PARIS — Satellite consumer broadband provider EchoStar Corp. on Nov. 6 said it increased its subscriber base by 2.7 percent in the three months ending Sept. 30, with wider profit margins, despite a drop in wholesale revenue from broadband subscribers collected by its sister company, Dish Network.
In a conference call with investors, EchoStar also said its satellite-terrestrial broadband service, Solaris Mobile of Dublin, would launch its EchoStar 21 satellite, formerly called TerreStar-2, in early 2016, with commercial service to begin later that year.
Englewood, Colorado-based EchoStar purchased Solaris from satellite fleet operators Eutelsat of Paris and SES of Luxembourg but has not announced how it plans to commercialize the service in Europe once the EchoStar 21 satellite is in place.
Solaris has an S-band payload on a Eutelsat satellite already in orbit, which is the principal asset — plus a provisional European Union operating license — that EchoStar took over in the Solaris purchase. This satellite has a defective antenna and cannot meet the coverage requirements set by the 28-nation EU.
Mobile satellite services operator Inmarsat of London is building an S-band satellite payload to share space on Riyadh, Saudi Arabia-based Arabsat’s Hellas-sat 3 spacecraft. Inmarsat has said it is planning an air-to-ground aeronautical service in S-band and is rounding up partners to share in the necessary ground infrastructure.
In the conference call, EchoStar Chief Executive Michael T. Dugan said the company is “beginning discussions with potential [Solaris] customers. In the near term, our primary focus is on meeting with the European Union and member states to more clearly define and harmonize the regulations requiring the operations of a terrestrially delivered service.”
Dish Network took ownership of the nearly completed TerreStar-2 satellite following Dish’s purchase, in 2011, of TerreStar Networks, which had filed for bankruptcy. TerreStar and then-rival DBSD, which Dish also purchased from bankruptcy, are now part of Dish’s plans to accumulate spectrum for terrestrial broadband.
EchoStar’s Hughes Network Systems consumer broadband service reported 960,000 subscribers as of Sept. 30, up 2.7 percent from the subscriber total as of June 30. Dugan said that the increase is all the more remarkable for the fact that it came despite a drop in subscriber ads from Dish, which sells the HughesNet service on a wholesale basis.
Hughes President Pradman P. Kaul said that in the nine months ending Sept. 30, the HughesNet service booked 174,000 new subscribers to its high-end Gen4 service, which uses Hughes’ own Ka-band satellite capacity, and lost 74,000 legacy subscribers, most of which use Ku-band capacity Hughes leases from other satellite operators.
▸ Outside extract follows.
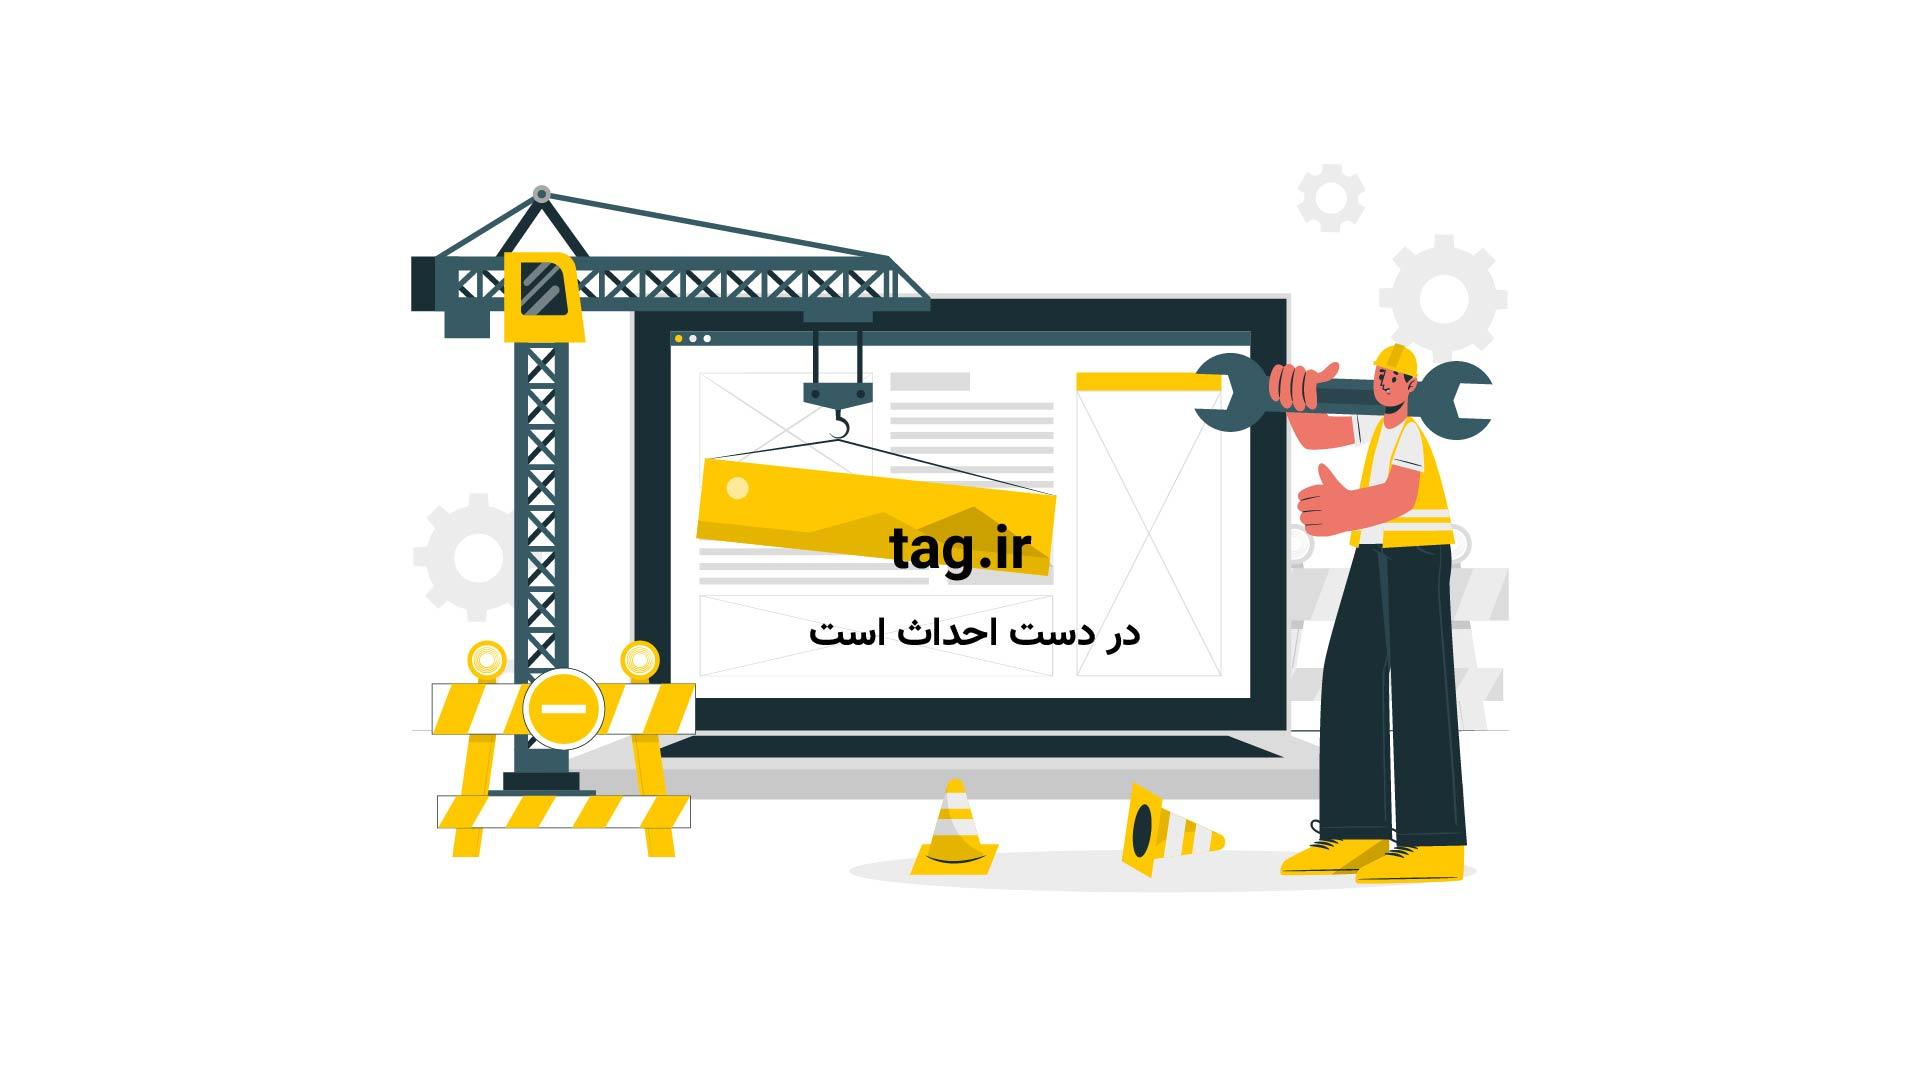 سه نامزد بهترین بازیکن جهان در سال ۲۰۱۷ | فیلم
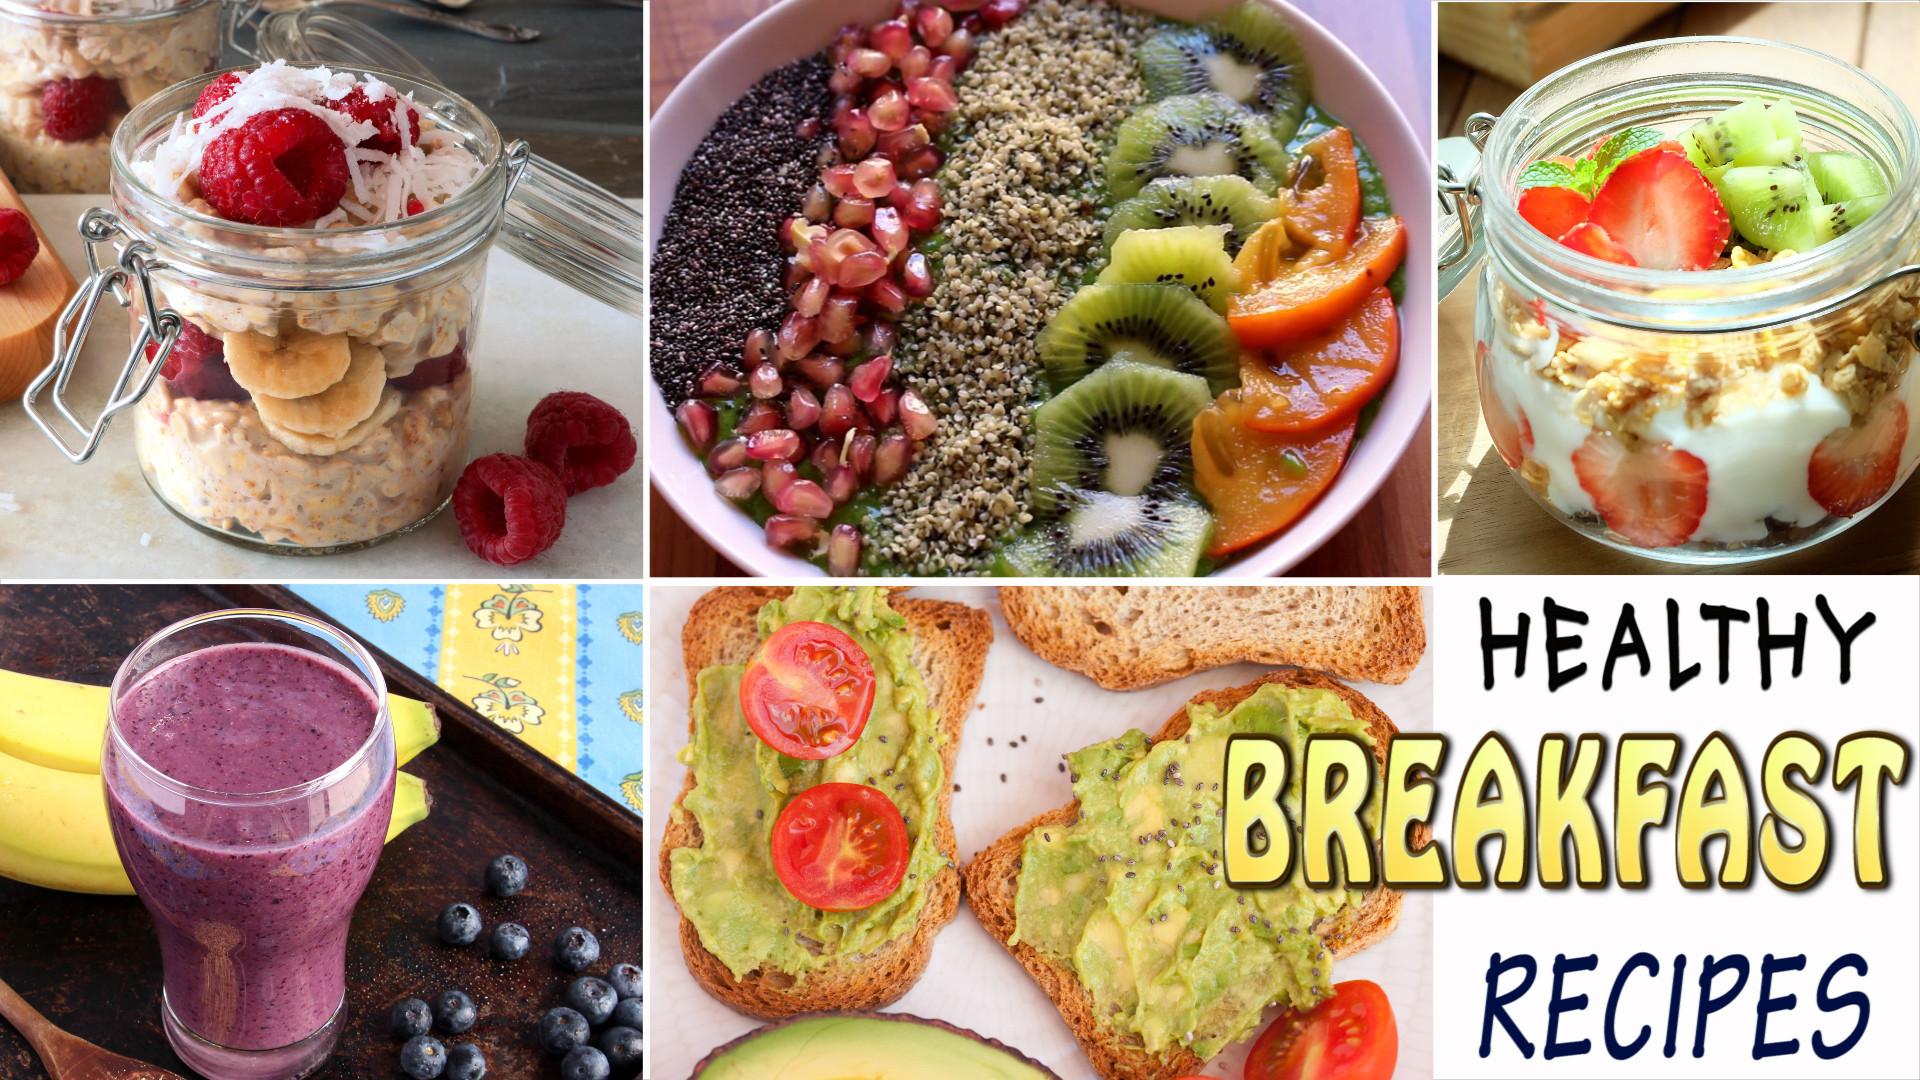 Healthy Vegetarian Breakfast  My 8 Favorite Healthy Vegan Breakfast Recipes

Hughes’ strategy is to let subscriber turnover gradually reduce, to near-zero, the amount of third-party capacity it leases so as to focus the business on higher-margin Ka-band service using Hughes’ Spaceway 3 and larger Jupiter 1/EchoStar 17 satellite.
As is the case with its consumer satellite broadband rival, ViaSat Inc. of Carlsbad, California, Hughes’ current service is filling up certain satellite beams faster than others. The EchoStar 17 satellite cannot allocate capacity based on demand; once a beam fills up, Hughes will need to focus on less-promising regions of the United States where demand is lower.
The Jupiter 2/EchoStar 19 satellite, which like EchoStar 17 is built by Space Systems/Loral of Palo Alto, California, is scheduled for launch in mid-2016, at which point Hughes will be able to apply renewed focus on the more populated areas of the United States, where demand is strongest.
In a Nov. 6 filing with the U.S. Securities and Exchange Commission, EchoStar said the HughesNet growth would have been stronger in the three months ending Sept. 30 were it not for the fact that some satellite beams are nearing their capacity limits.
Kaul said Hughes, while awaiting EchoStar 19, will begin special discounts and other marketing incentives in those regions whose beams still have plenty of capacity.
EchoStar and Hughes are preparing to offer a similar consumer broadband service in Brazil following EchoStar’s purchase of the Ka-band payload on Eutelsat’s 65 West A satellite, which has 16 Ka-band spot beams with a combined capacity of 25 gigabits of throughput.
Hughes’ mobile satellite business, which is mainly to provide ground-based beam-forming and other services to operators with their own satellite capacity, has been less active in recent years following the collapse of mobile-broadband startups in the United States.
But Hughes is selling the Mexican government a turnkey ground infrastructure for the MexSat system, whose satellites are built by Boeing Space and Intelligence Systems of El Segundo, California.
“Our strategy is to provide turnkey ground network solutions to mobile satellite operators in L-band and S-band around the globe,” Kaul said.